Anak-anak yang tadi main bola di belakang sekolah pun datang mendekat ikut mengerumuni Ahmed dan Kalma. Mereka tampak takjub dengan kemampuan Ahmed bermain biola. Sama sekali mereka tak pernah menyangka, Ahmed yang selama ini sering mereka ejek ternyata mahir bermain biola.
Ketika lagu Turkish March berakhir, tepukan tangan dari para penonton pun terdengar riuh. Kotak yang berada di depan Ahmed pun mulai penuh terisi koin, bahkan ada yang memberi uang kertas dengan nilai yang cukup besar.
Gabriel, salah seorang teman sekelas Ahmed datang mendekat. “Maafkan kami, selama ini suka mengejekmu.” Gabriel berujar sambil meletakkan koin dua euro ke dalam kotak.
“Tidak apa, aku senang jika bisa berteman dengan kalian,” jawab Ahmed senang.
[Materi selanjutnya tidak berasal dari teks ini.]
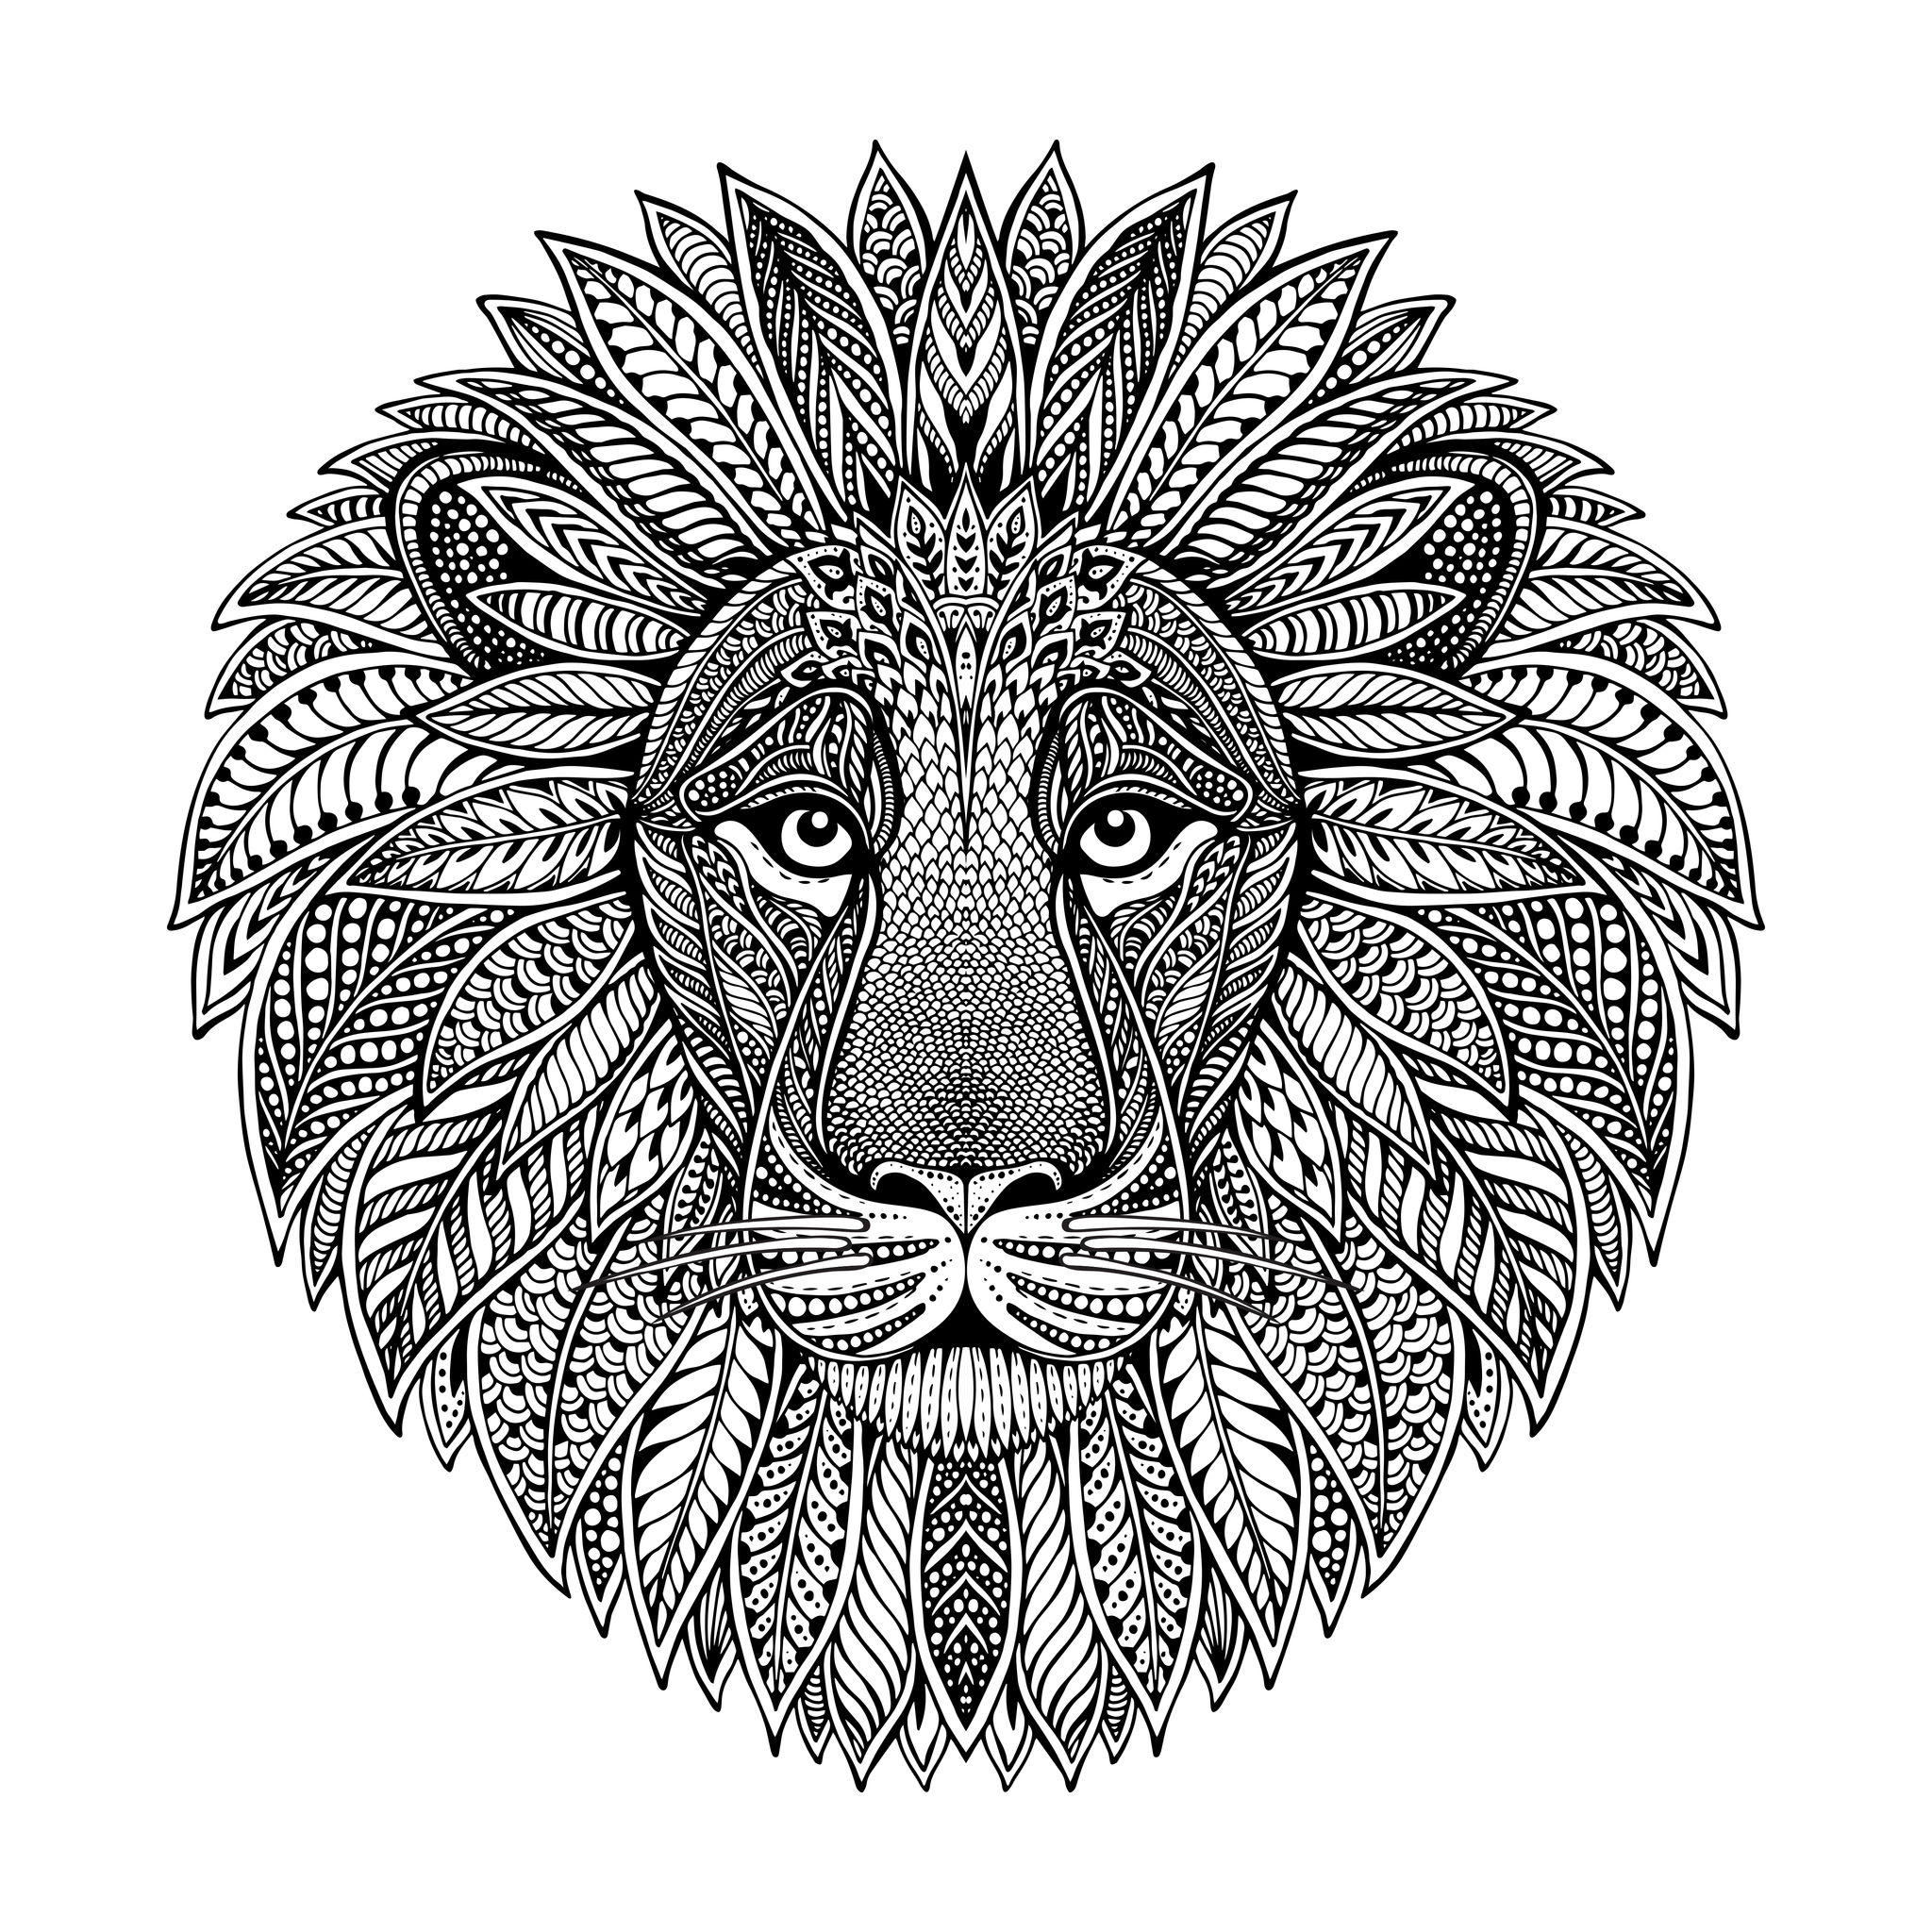 Lion head, mandala style, Artist : Nadezhda Molkentin   Source : 123rf

“Kamu mau kan bermain biola di pentas drama kelas kita bulan depan?”
“Dengan senang hati,” seru Ahmed sambil tersenyum.
Ahmed dan Kalma memulai pertunjukan kedua. Kali ini mereka memainkan lagu Canon In D. Lagu ini lebih mendayu-dayu. Membawa pikiran Ahmed terbang jauh ke kampung halamannya.Sejenak terlintas wajah ibu dan adik perempuannya yang telah tiada. Sebulir air mata menetes dari pelupuk mata Ahmed. Ghazi dan teman-temannya pun ikut terharu melihatnya.
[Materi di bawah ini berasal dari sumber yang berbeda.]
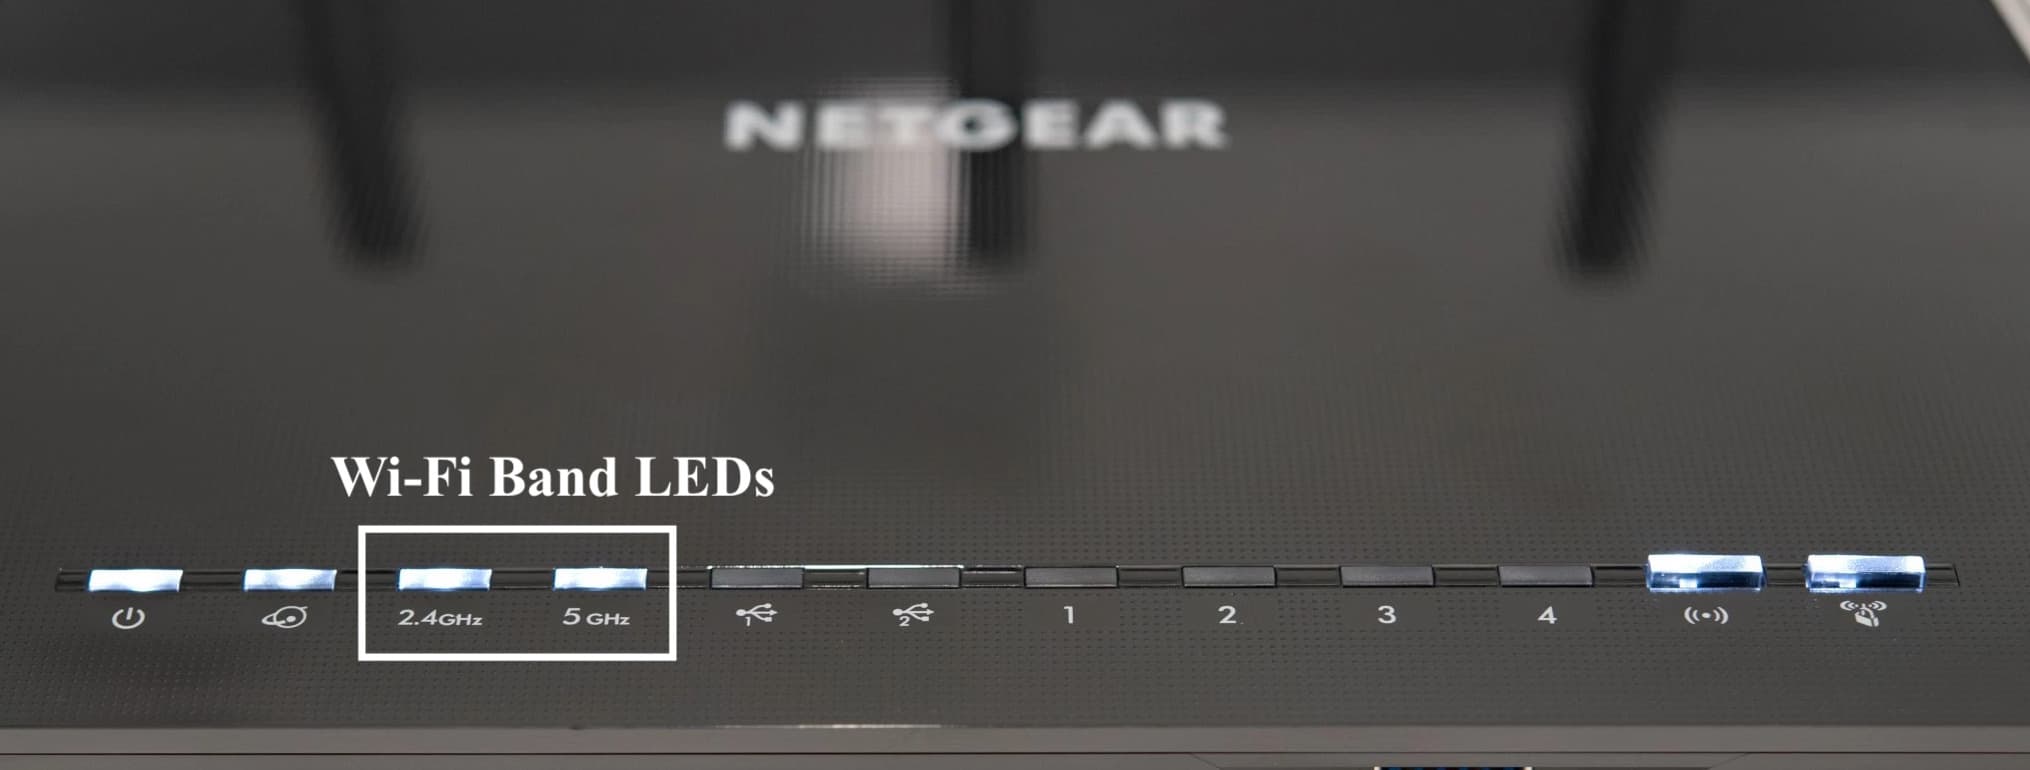 Wi-Fi Band LEDs on Netgear Router

Usai pertunjukan sebagai musisi jalanan, mereka menghitung uang yang didapatkan. Tak disangka, ternyata terkumpul uang sebanyak 35 euro. Uang tersebut cukup untuk membeli tas baru untuk Ahmed. Dengan begitu, ia tidak akan dijuluki “Si tas buluk” lagi.
“Sekarang kamu bisa beli tas baru, Bro,” seru Ghazi senang.
“wah betul juga,”
“Mau ditemani?”
“Tapi aku belum merasa perlu membeli tas baru. Tas ini masih belum rusak, warnanya saja yang pudar.” jawab Ahmed. “ Aku ingin mengirim uang ini untuk saudara-saudaraku di Suriah. Mereka yang hidup di pengungsian lebih butuh uang ini.” Ahmed berujar sambil membayangkan saudara-saudaranya yang bahkan untuk makan pun kesulitan.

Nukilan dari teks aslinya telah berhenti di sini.